Ainda segundo Kanaan, os dois sargentos estavam uniformizados quando entraram no Brasil. Eles chegaram a pé, por um local não identificado, e desarmados. "Nossa preocupação foi o acolhimento, para eles sentirem que estão sendo acolhidos. O tratamento dado a eles é como para qualquer outro solicitante de refúgio”, disse o general.

Os dois militares solicitaram refúgio ao entrar, e disseram às autoridades brasileiras que decidiram desertar após os confrontos de ontem (23) entre venezuelanos e soldados da guarda nacional na fronteira com o Brasil. Os conflitos em Santa Helena de Uairén, que deixaram três mortos segundo uma médica venezuelana também contribuíram para a decisão.

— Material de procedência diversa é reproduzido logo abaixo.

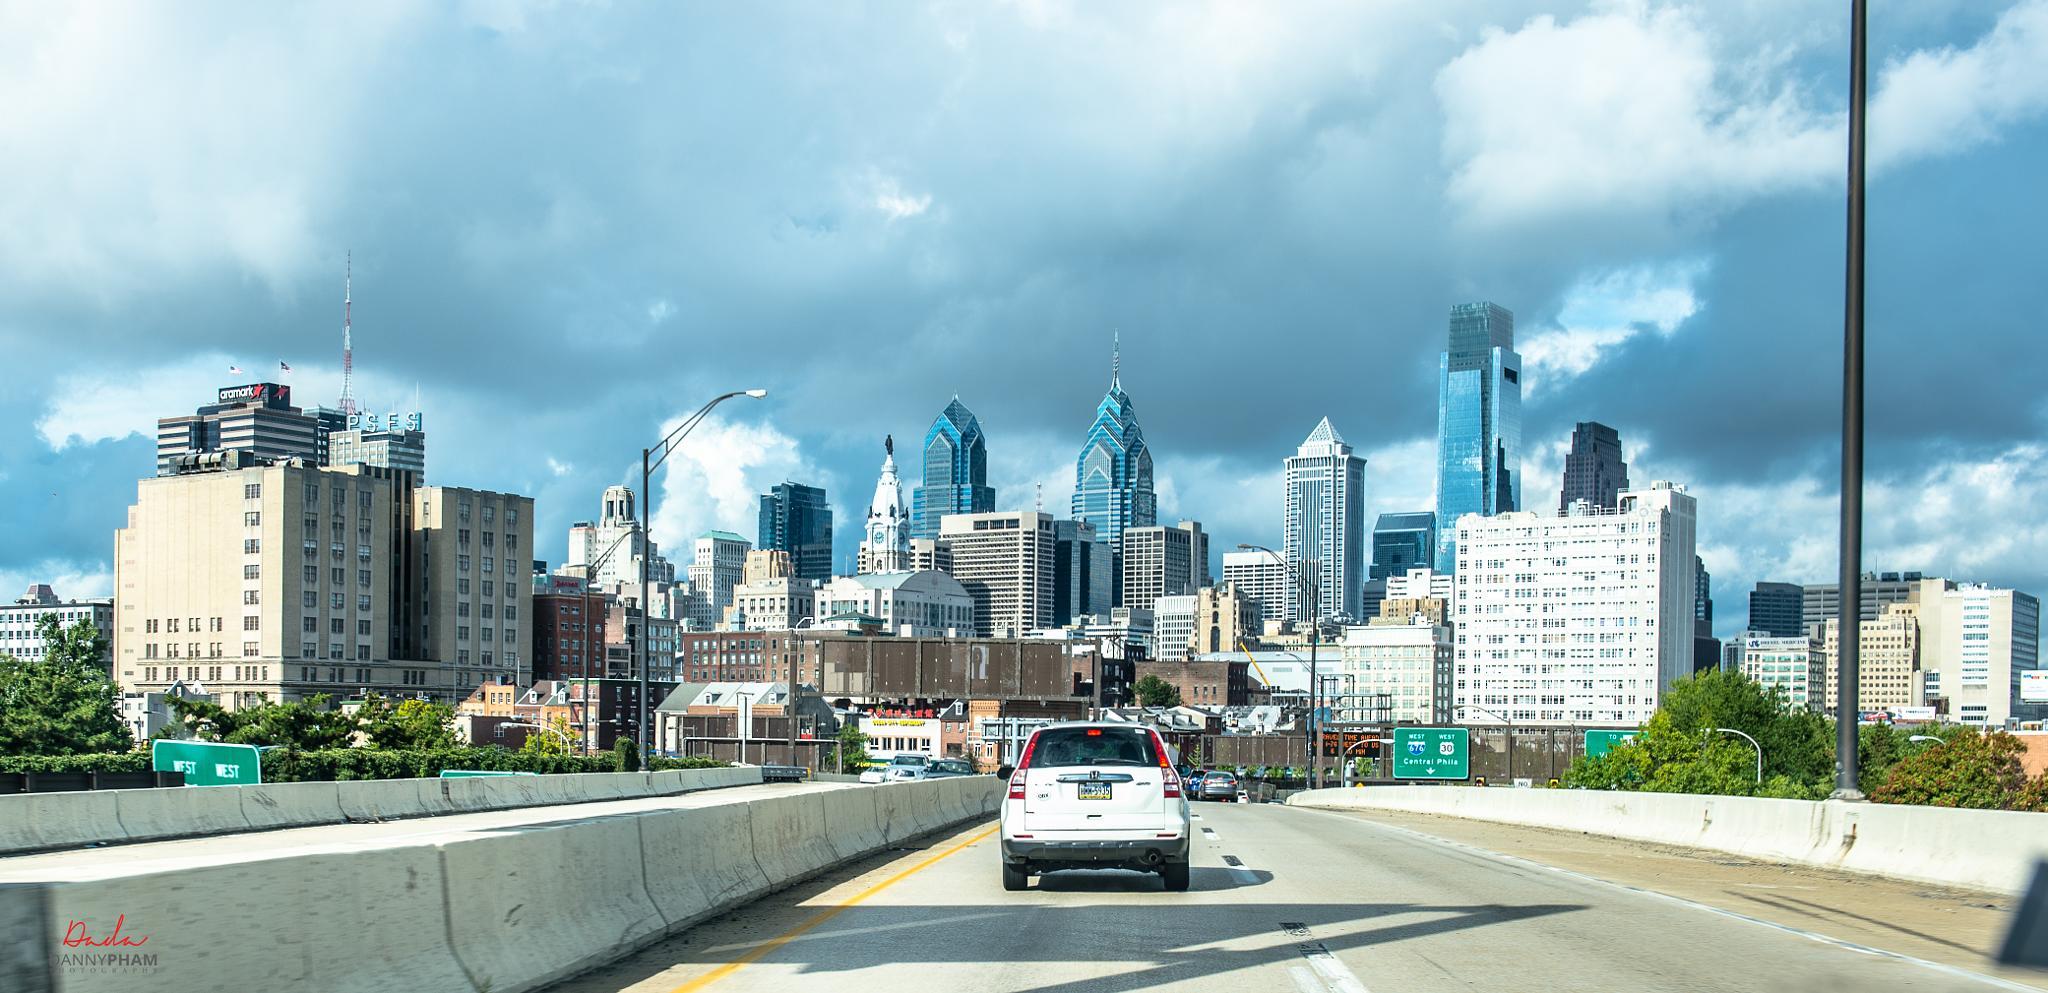 Downtown - Philadelphia  by Danny Pham

Os desertores afirmaram ainda que outros militares venezuelanos pensam em fugir do país.

O último sábado foi marcado por uma situação muito tensa nas fronteiras da Venezuela com o Brasil e a Colômbia. O regime de Nicolás Maduro bloqueou as entradas do país , impedindo a passagem da ajuda humanitária. Manifestantes tentaram possibilitar a entrada das doações e  entraram em confronto com as Forças Armadas da Venezuela, principalmente após dois caminhões serem incendiados depois de saírem da Colômbia.

O presidente Nicolás Maduro é contrário à entrada de ajuda humanitária na Venezuela. Ele acredita que isso pode abrir as portas para uma intervenção externa — principalmente dos Estados Unidos — na política venezuelana. Maduro usa militares e paramilitares chavistas para impedir essa entrada.